- _STORED DATA_
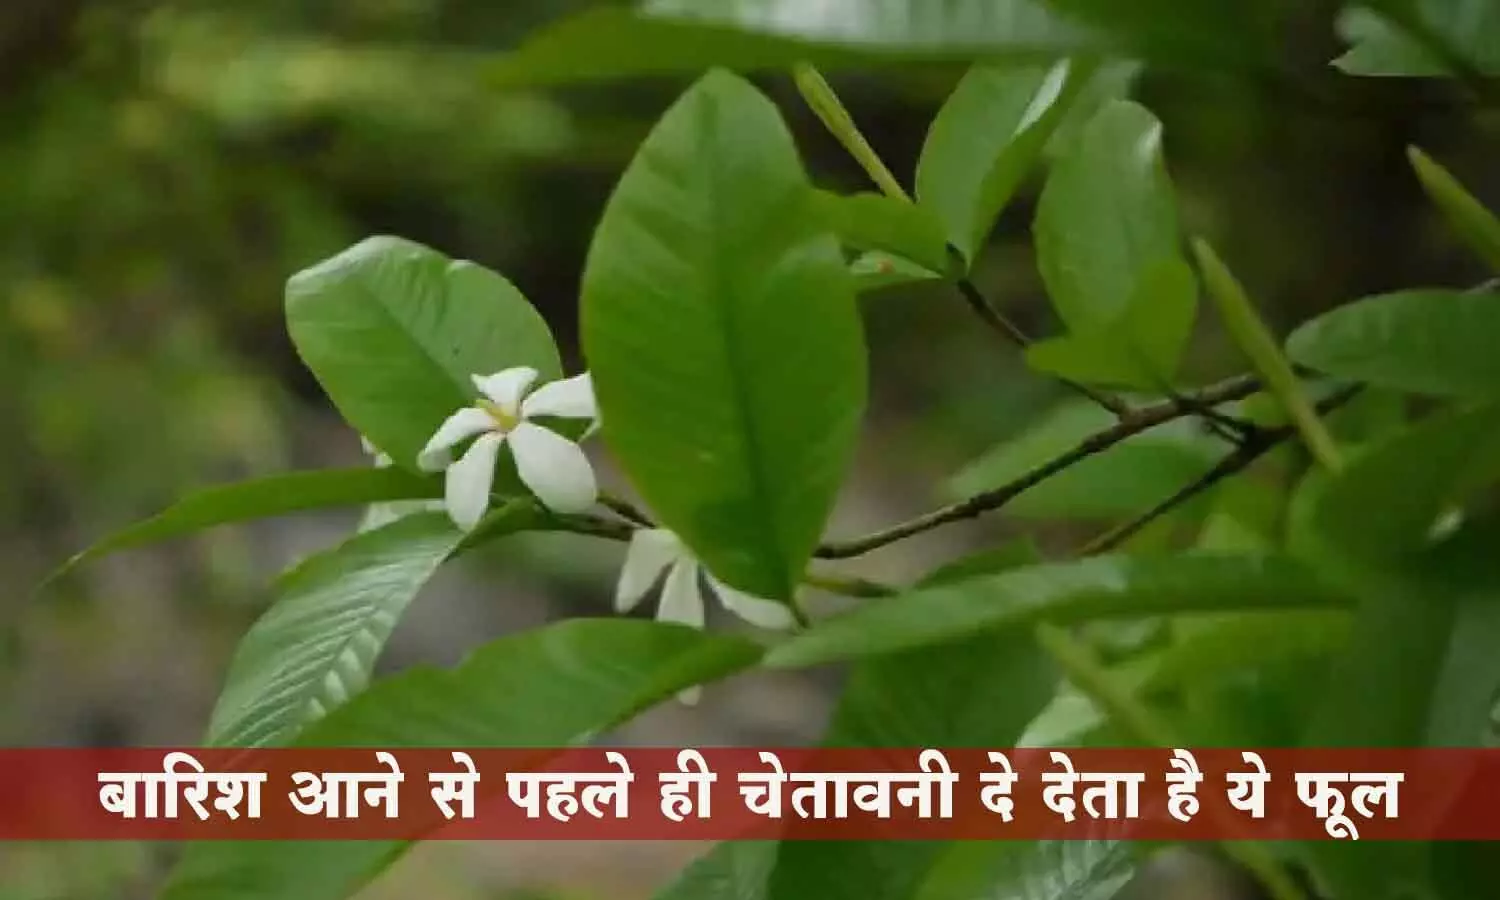 Dikamali Flowers Chhattisgarh: छत्तीसगढ़ के जंगल में खिला है ऐसा फूल, जो बारिश होने के पहले ही दे देता है चेतावनी
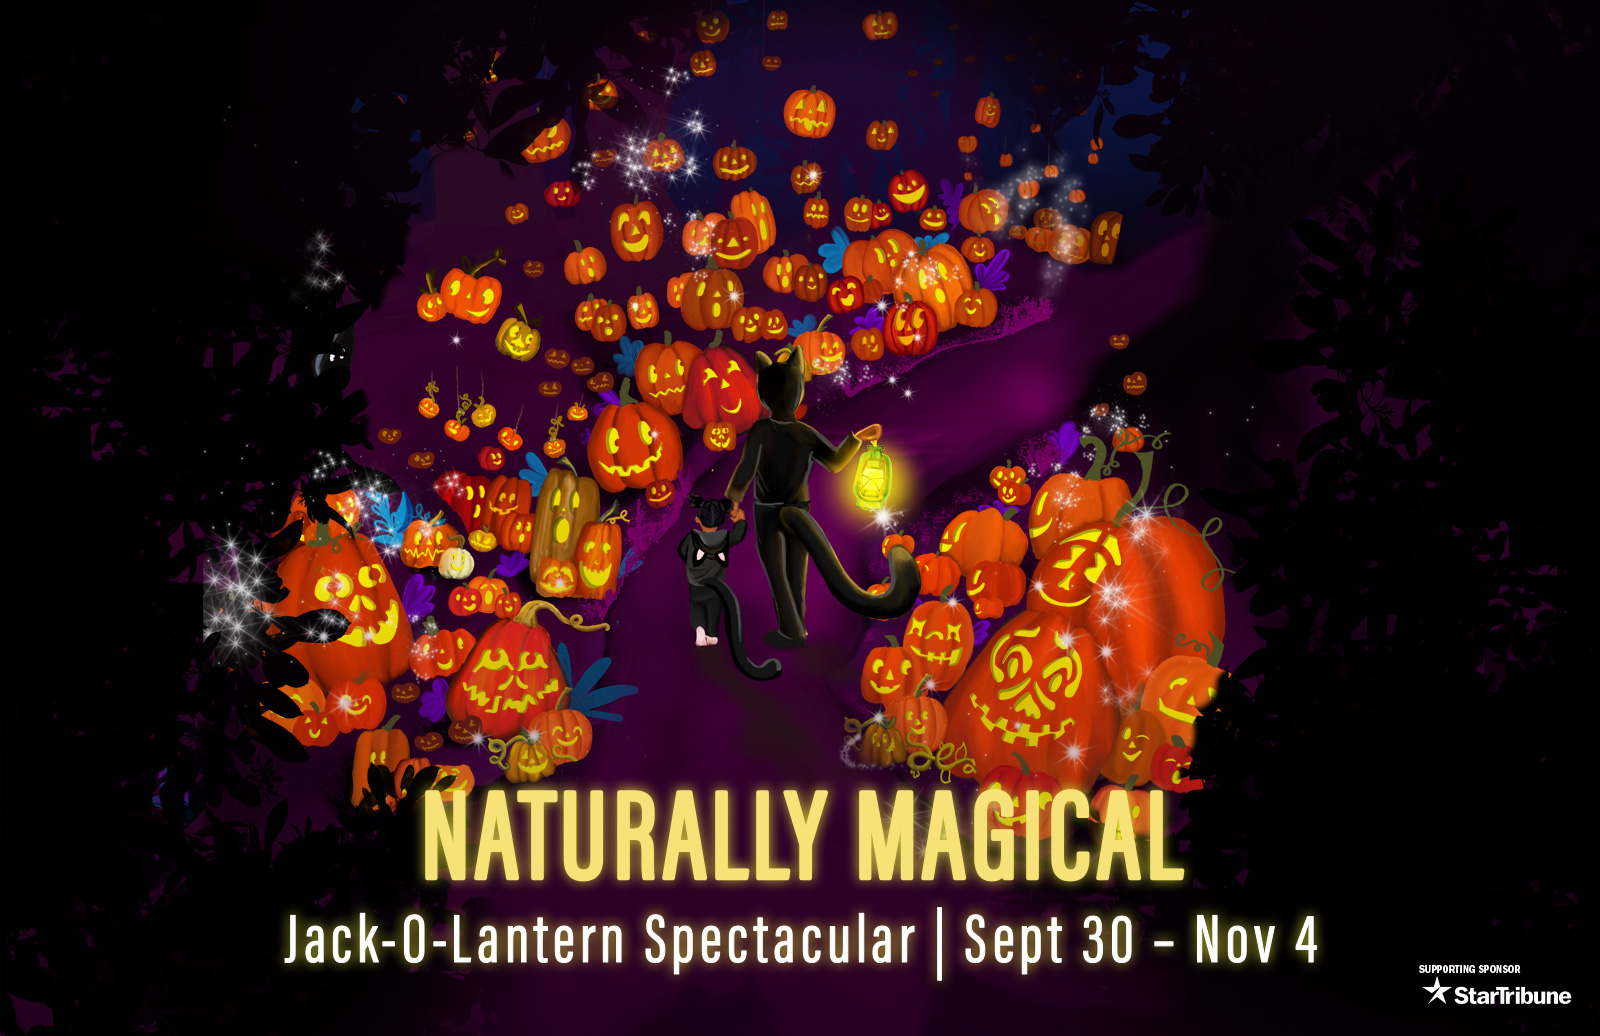 Naturally Magical Jack-o-lantern spectacular
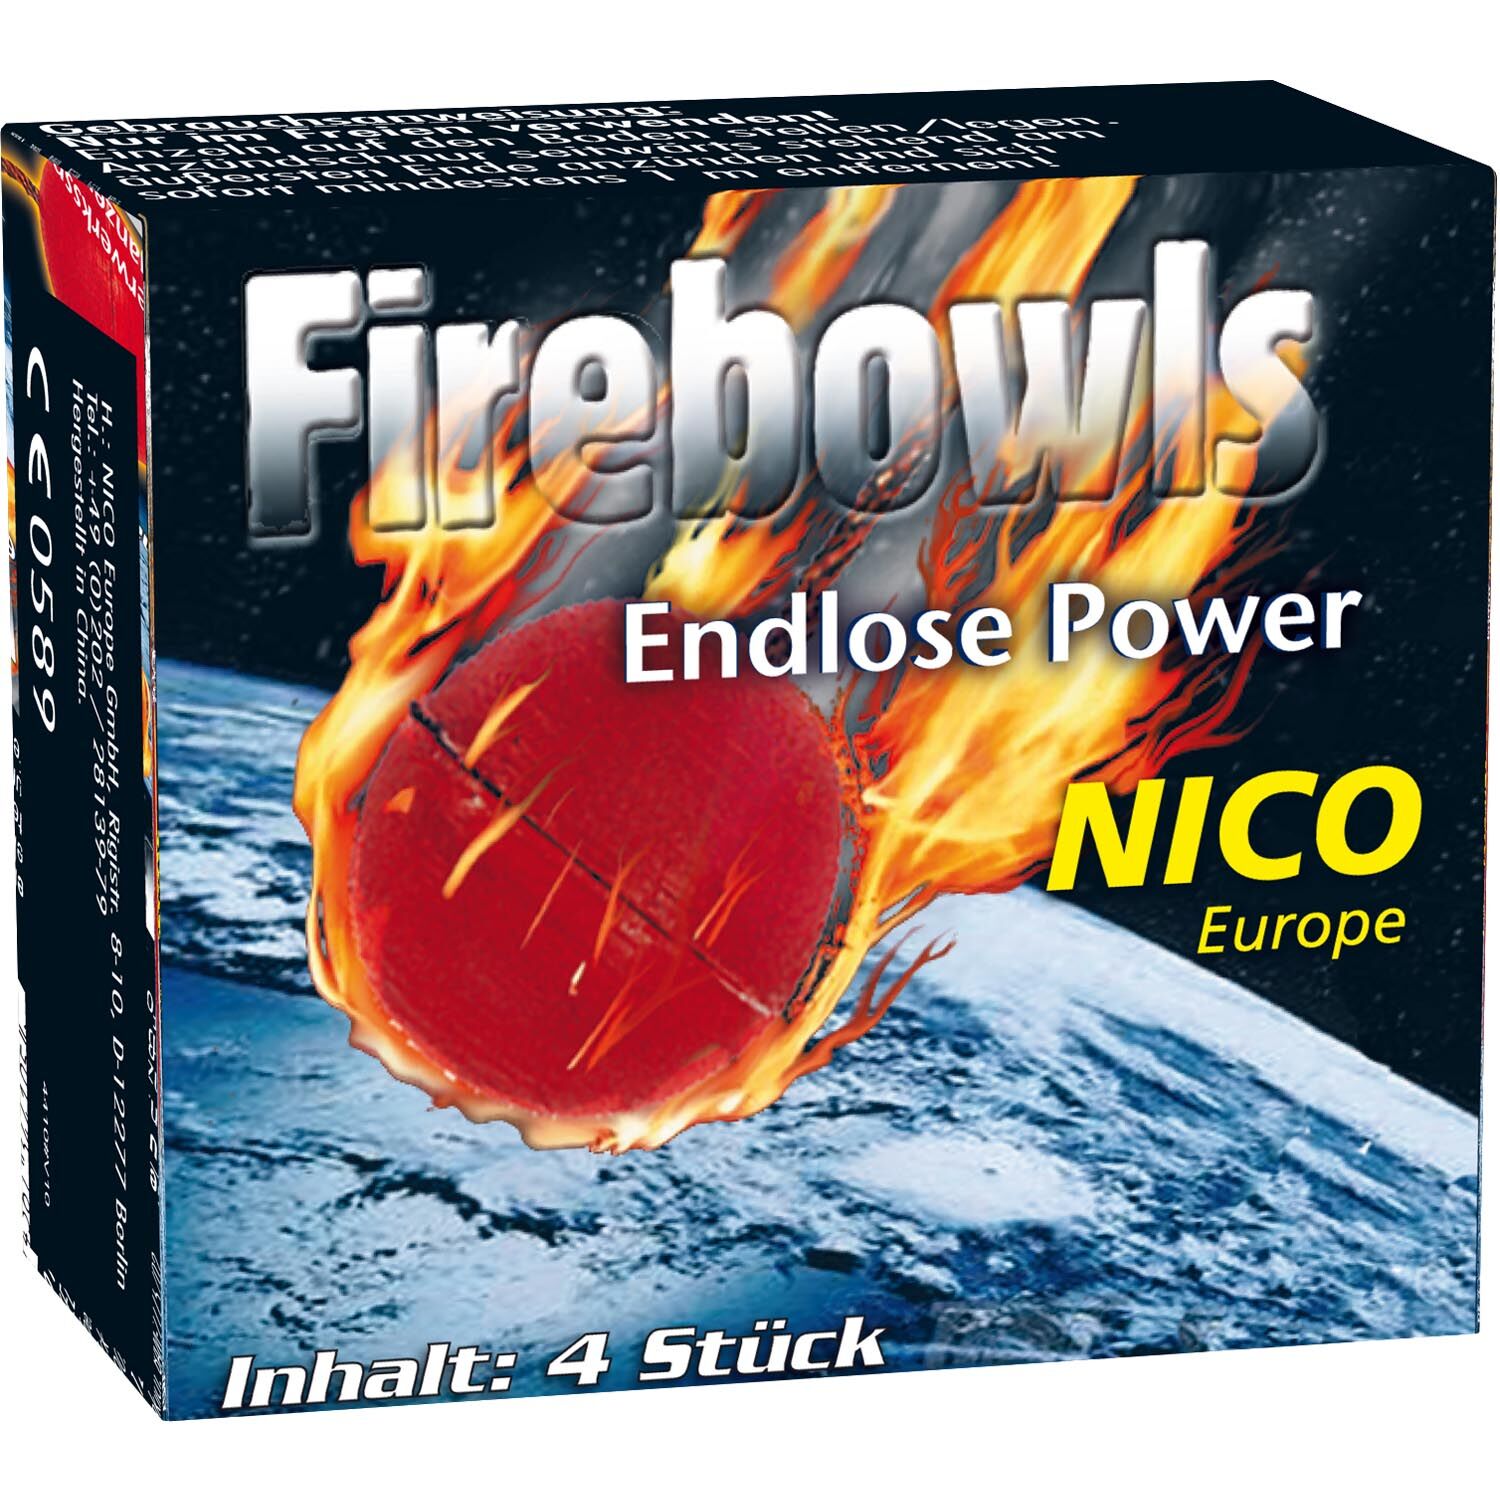 NEU Feuerwerk / Kinder- & Jugendfeuerwerk, Firebowls, Packung mit 4 Stck

- _WHAT TO PRODUCE_
Beginning at the line containing "Naturally Magical Jack-o-lantern spectacular", restate every line through the end of the material above exactly; omit the pictures.

- _ANSWER TO THIS EXERCISE_
 Naturally Magical Jack-o-lantern spectacular
 NEU Feuerwerk / Kinder- & Jugendfeuerwerk, Firebowls, Packung mit 4 Stck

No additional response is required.